Diversity, then, is a heavily freighted keyword (Williams, 1977; see also Peters, 2016) in the global digital media environment: it is a multivalent concept that wields operative power in a variety of ways over the external policy environments, internal rules, content, and technical elements of platforms, with significant implications for the careers of cultural producers and experiences of audiences.

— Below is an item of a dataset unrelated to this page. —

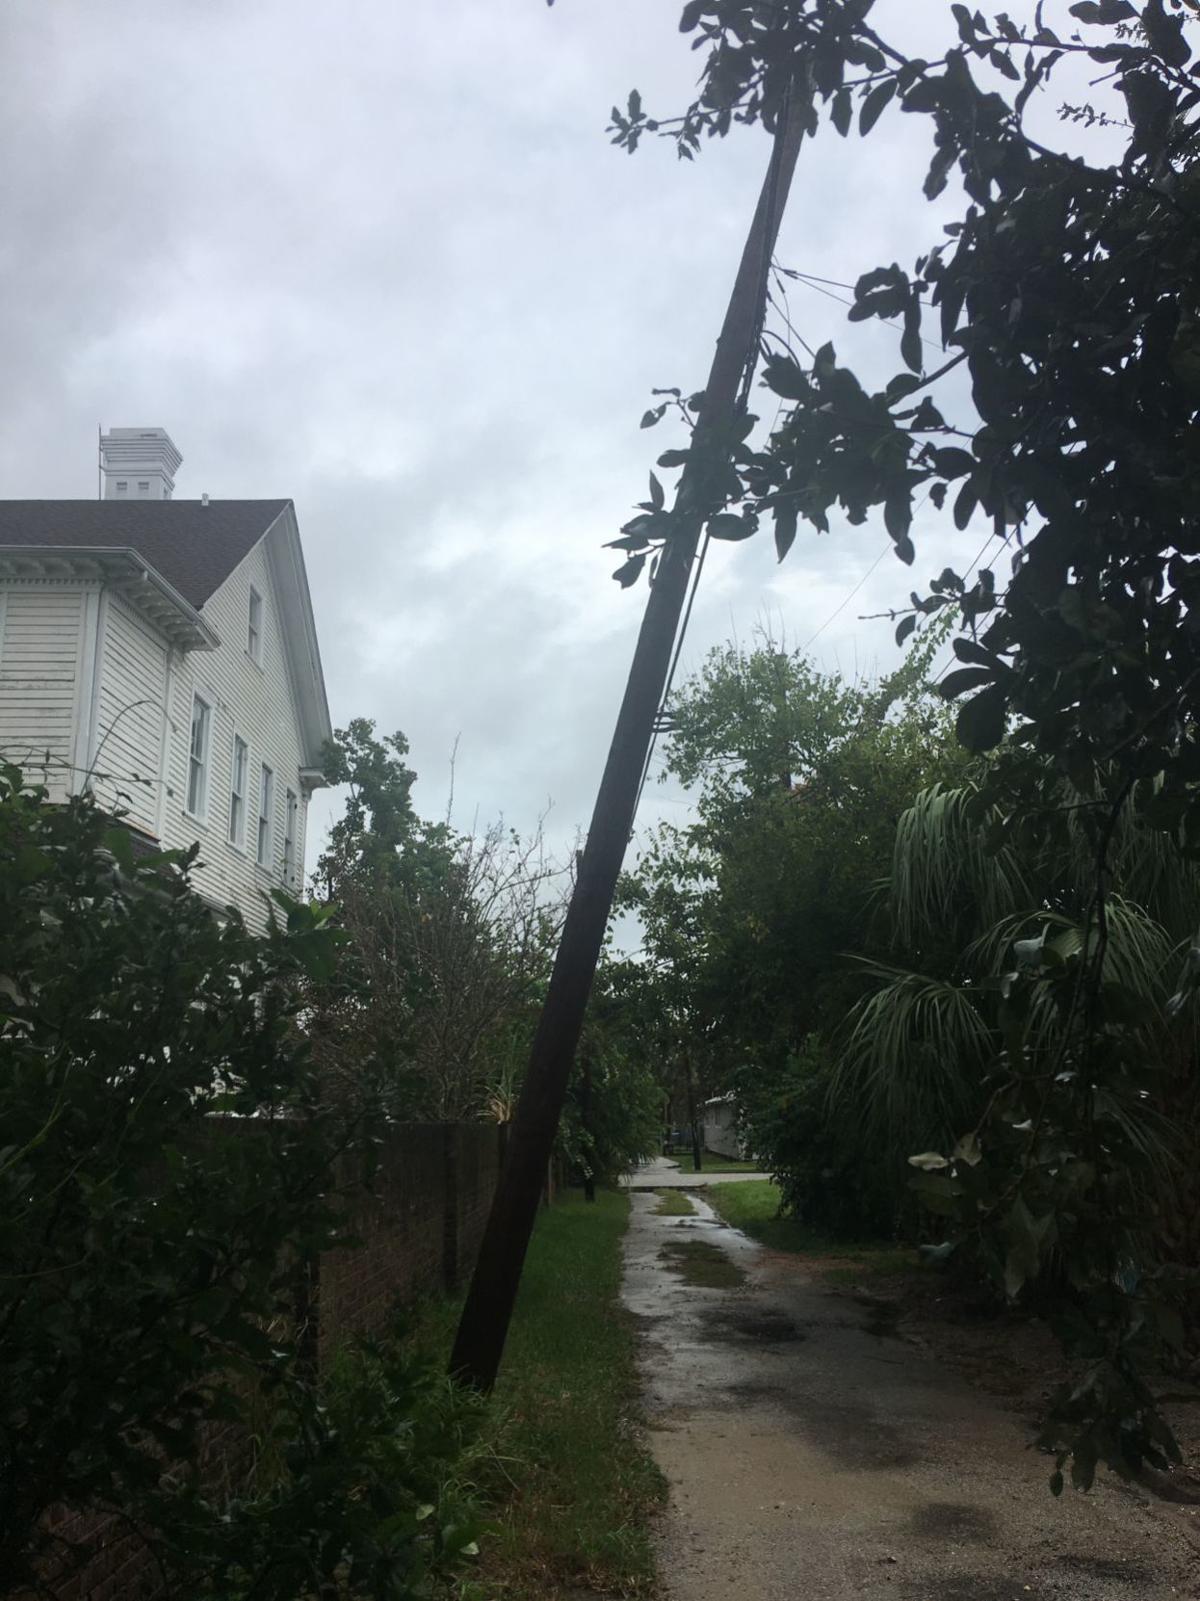 Leaning pole on Ave. O 1/2

Following Williams, we choose to see this play of meanings not only as a symptom of political struggle, but as a resource of hope, however modest, for productive interventions.
Recent advances in the field of recommender design, in combination with a range of pressures on platforms to improve the amount and quality of diversity in their recommendations, offer nascent possibilities. As the brief survey above suggests, the dimensions of diversity already used by recommender systems in cultural and entertainment platforms range across a matrix that mixes cultural, business and governance considerations: in many jurisdictions they need to balance the local, national, and global; in order to be effective in their own terms they need to ensure aesthetic and content diversity; and for both practical and ethical reasons, representative social and identity diversity may be part of the picture. To fully engage with these competing practical and normative questions is going to be challenging but increasingly necessary for global platforms. To do so would involve experimenting with multidimensional models of diversity in collaboration with diverse creator and user communities, and in dialogue with civil society.